RECORDED INFORMATION Block Start

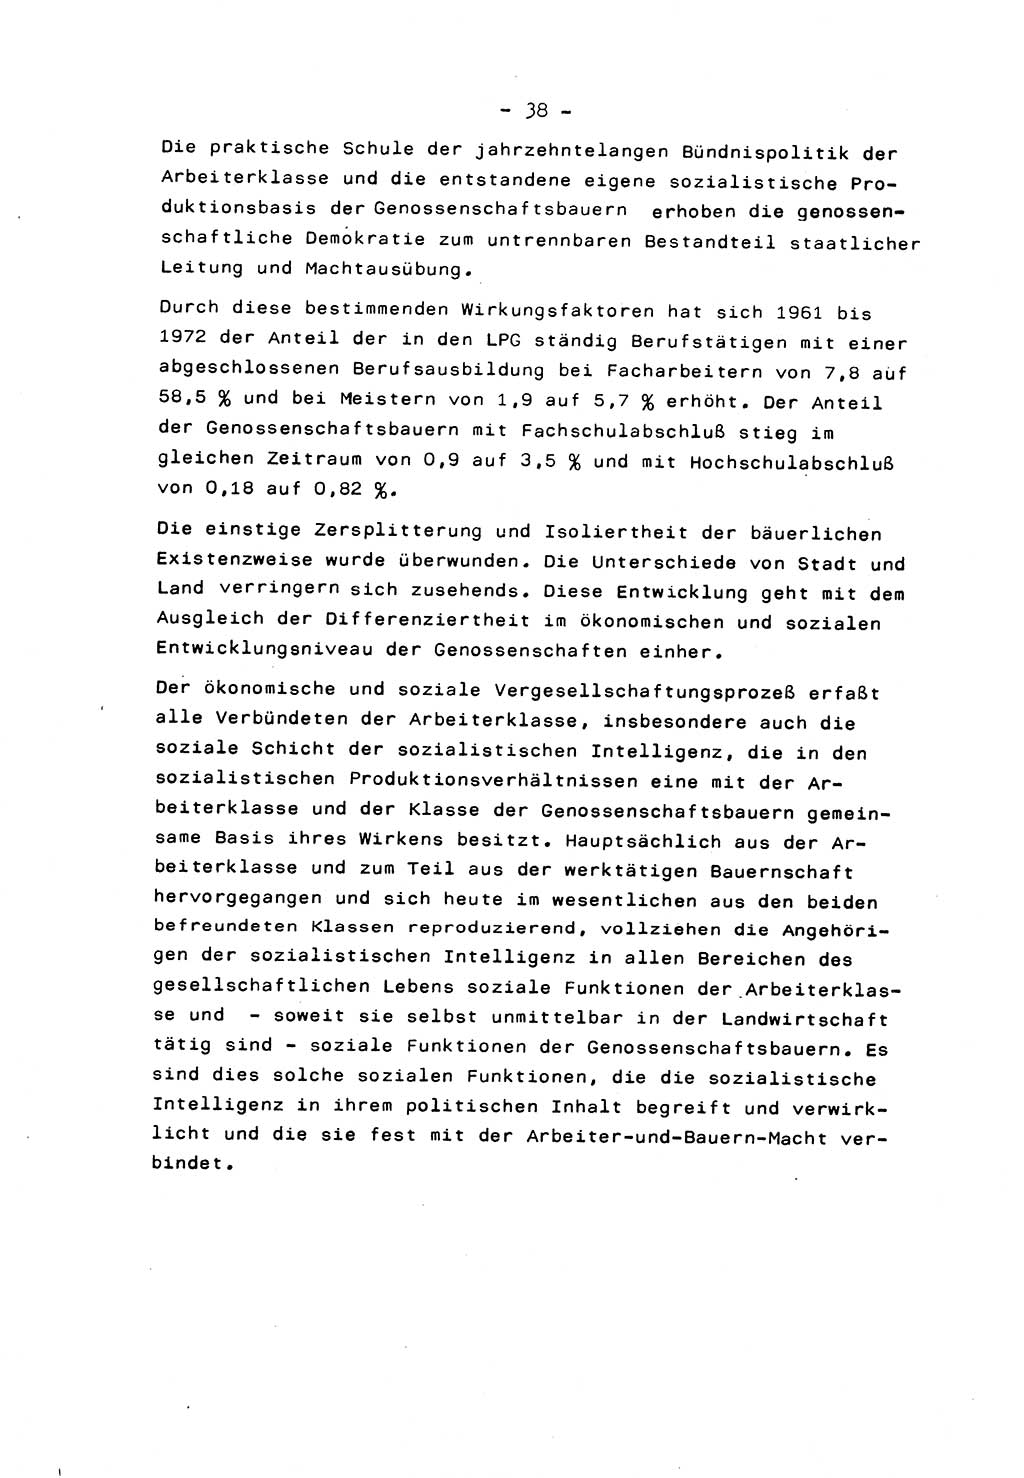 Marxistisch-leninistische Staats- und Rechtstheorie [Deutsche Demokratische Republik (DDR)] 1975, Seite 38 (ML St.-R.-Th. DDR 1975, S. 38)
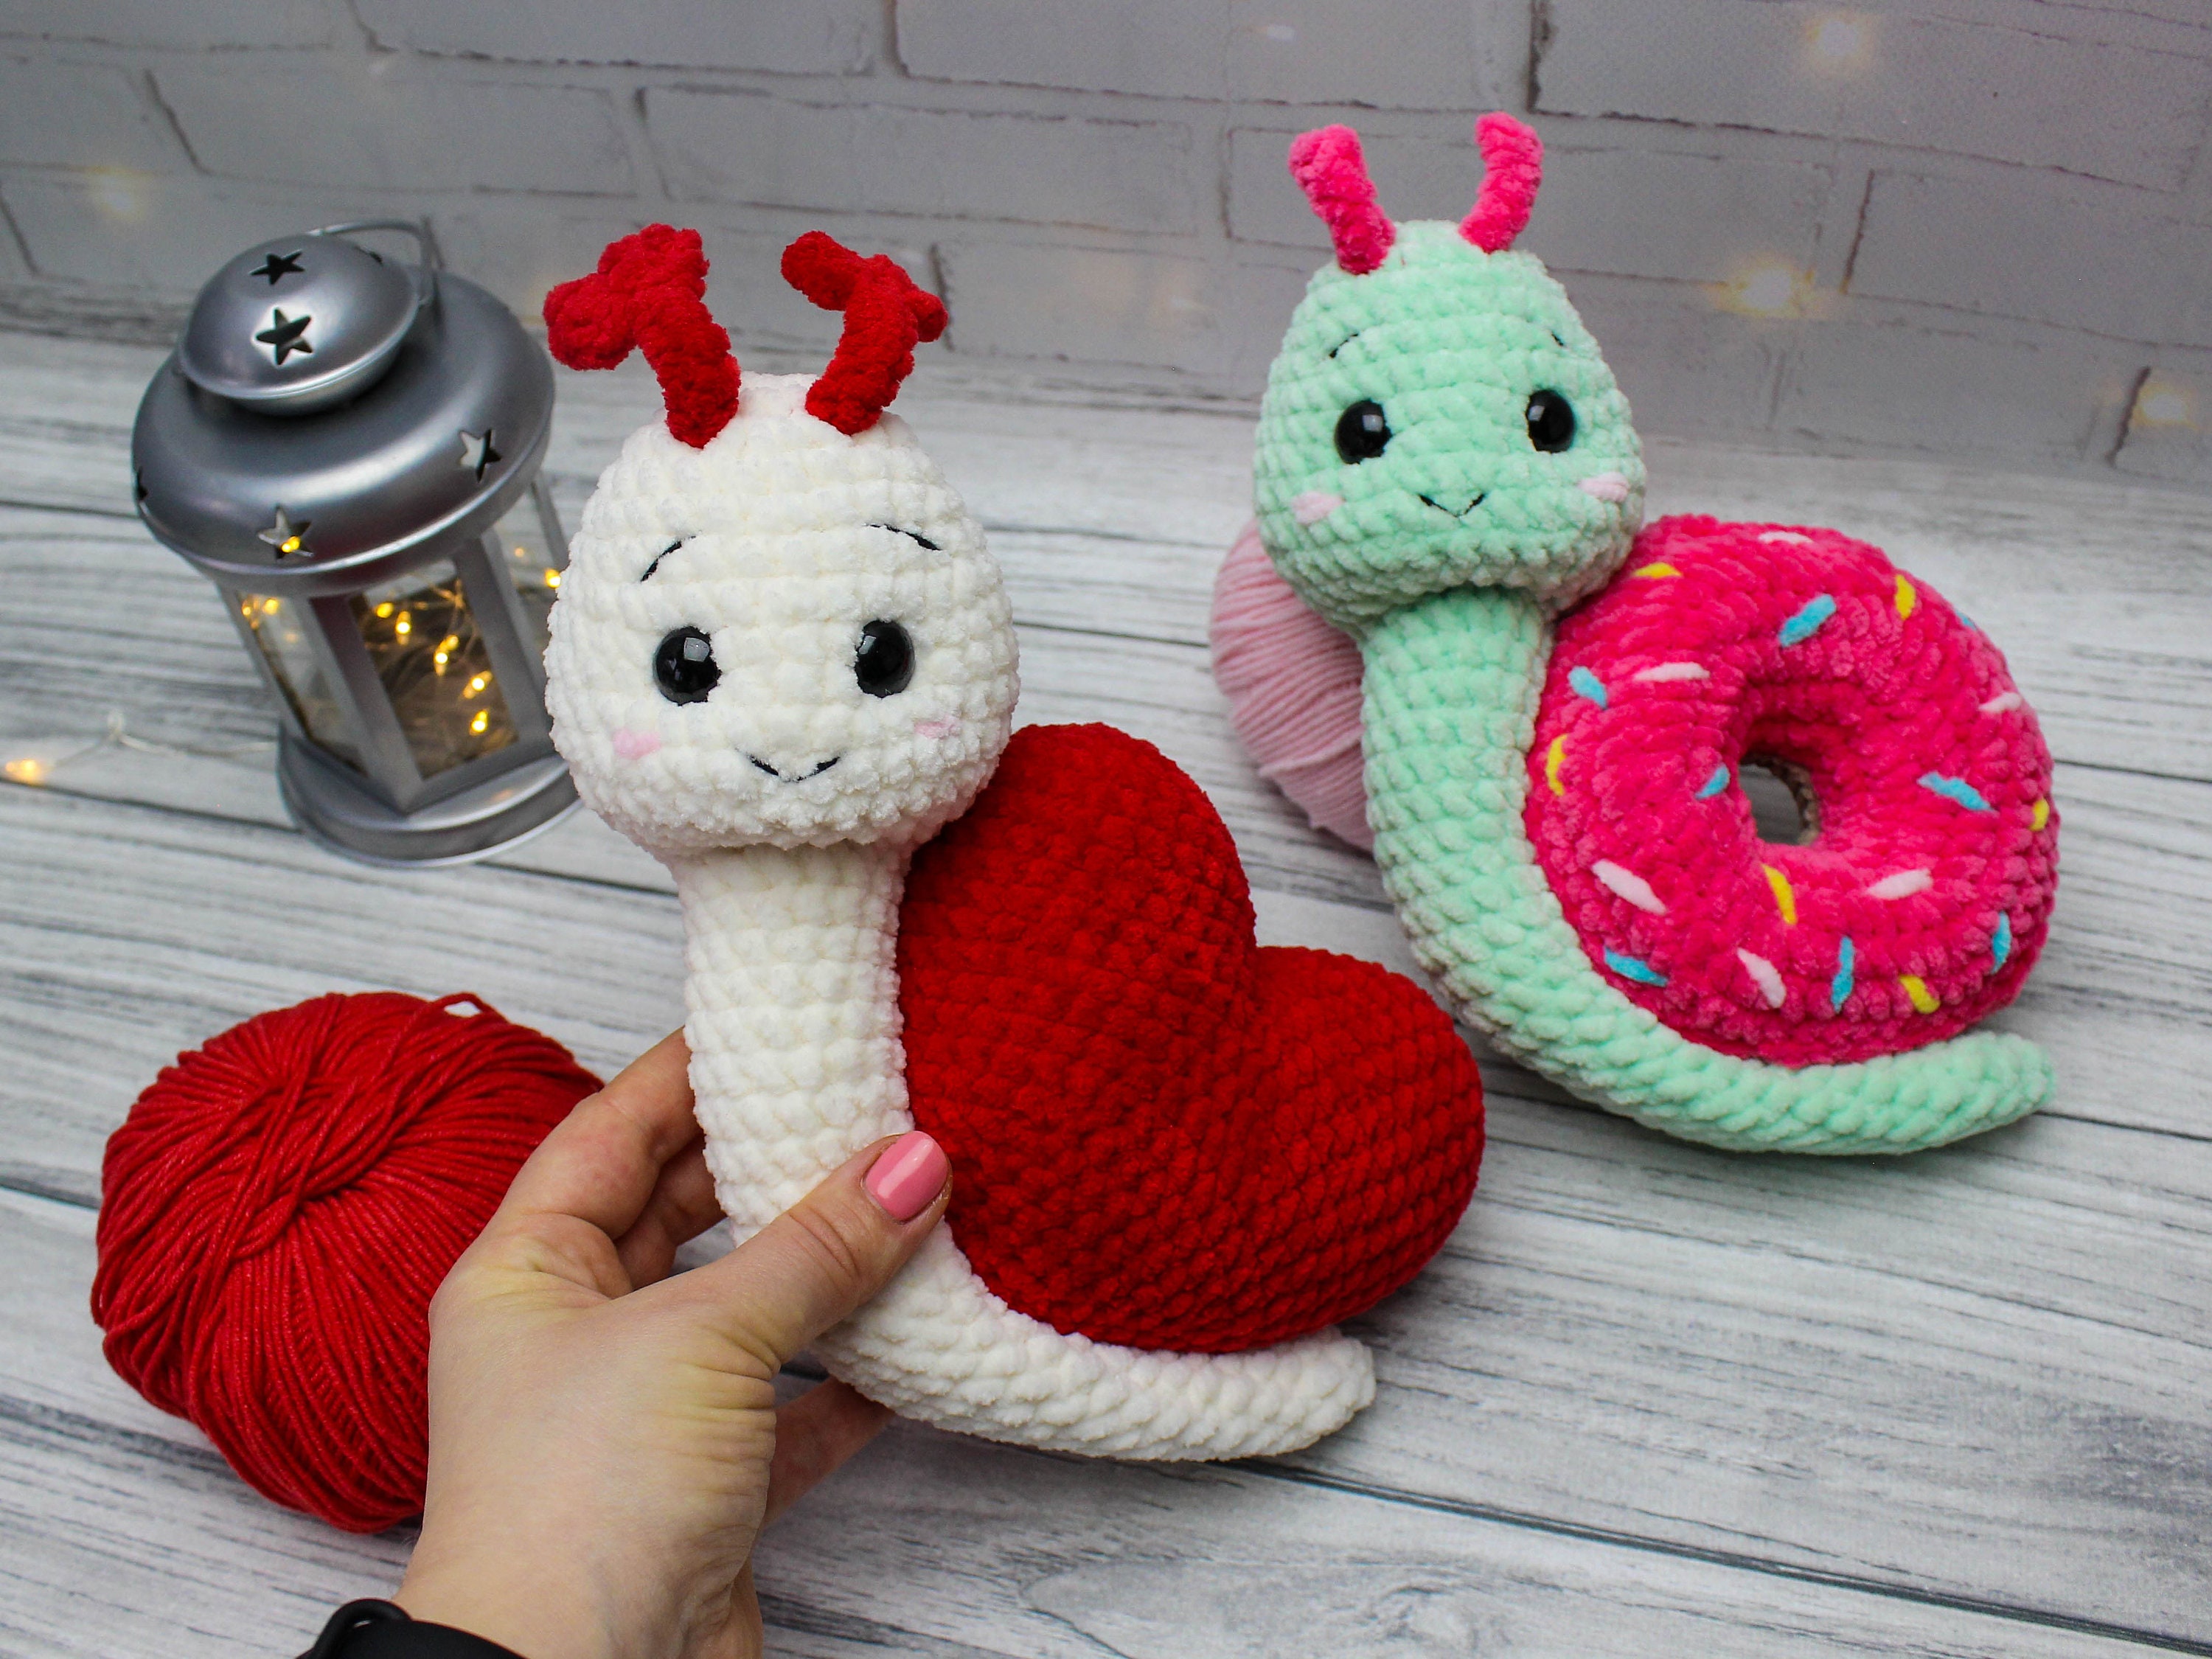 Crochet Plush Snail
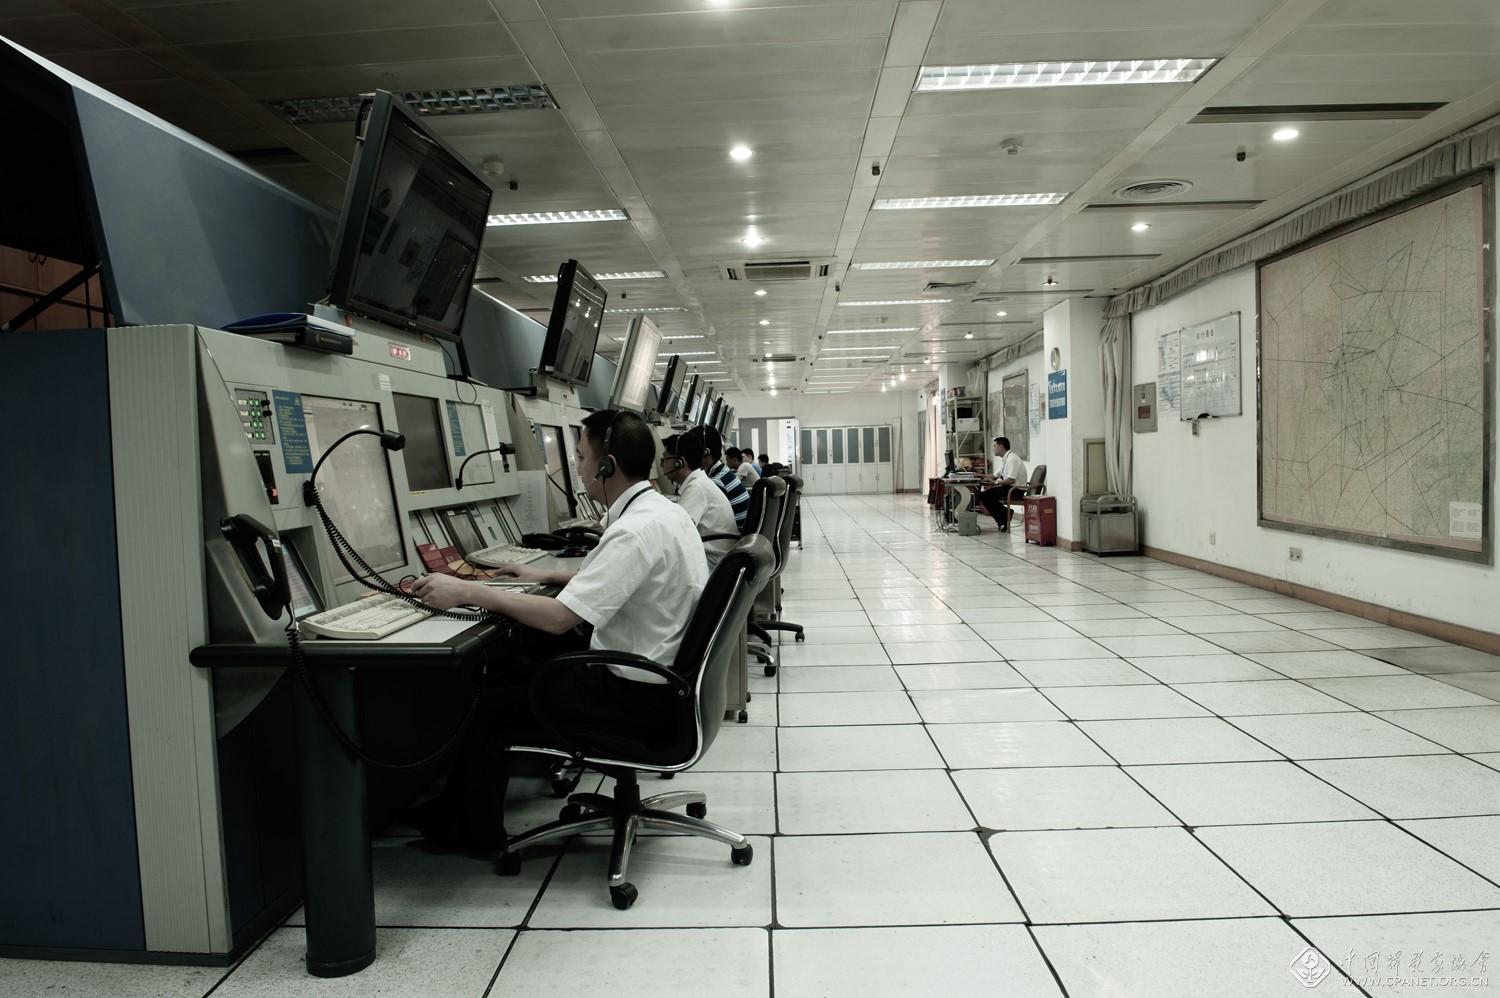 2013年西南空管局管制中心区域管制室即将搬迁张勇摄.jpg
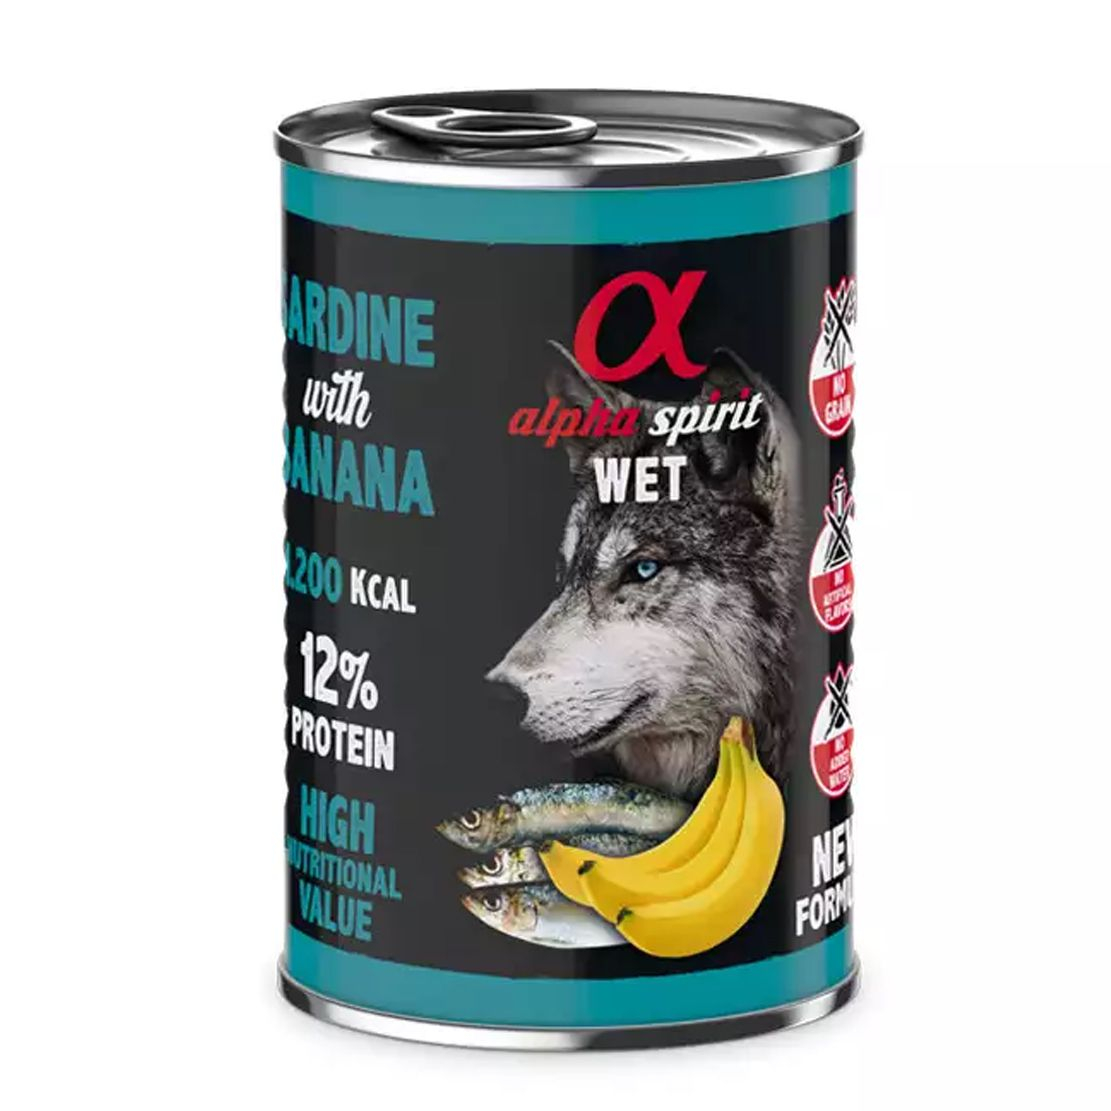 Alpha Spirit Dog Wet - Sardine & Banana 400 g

RECORDED INFORMATION Block End

TO DO
Would you print all of the material exactly as written, minus the pictures?

RESPONSE FOR THIS EXERCISE
 Marxistisch-leninistische Staats- und Rechtstheorie [Deutsche Demokratische Republik (DDR)] 1975, Seite 38 (ML St.-R.-Th. DDR 1975, S. 38)
 Crochet Plush Snail
 2013年西南空管局管制中心区域管制室即将搬迁张勇摄.jpg
 Alpha Spirit Dog Wet - Sardine & Banana 400 g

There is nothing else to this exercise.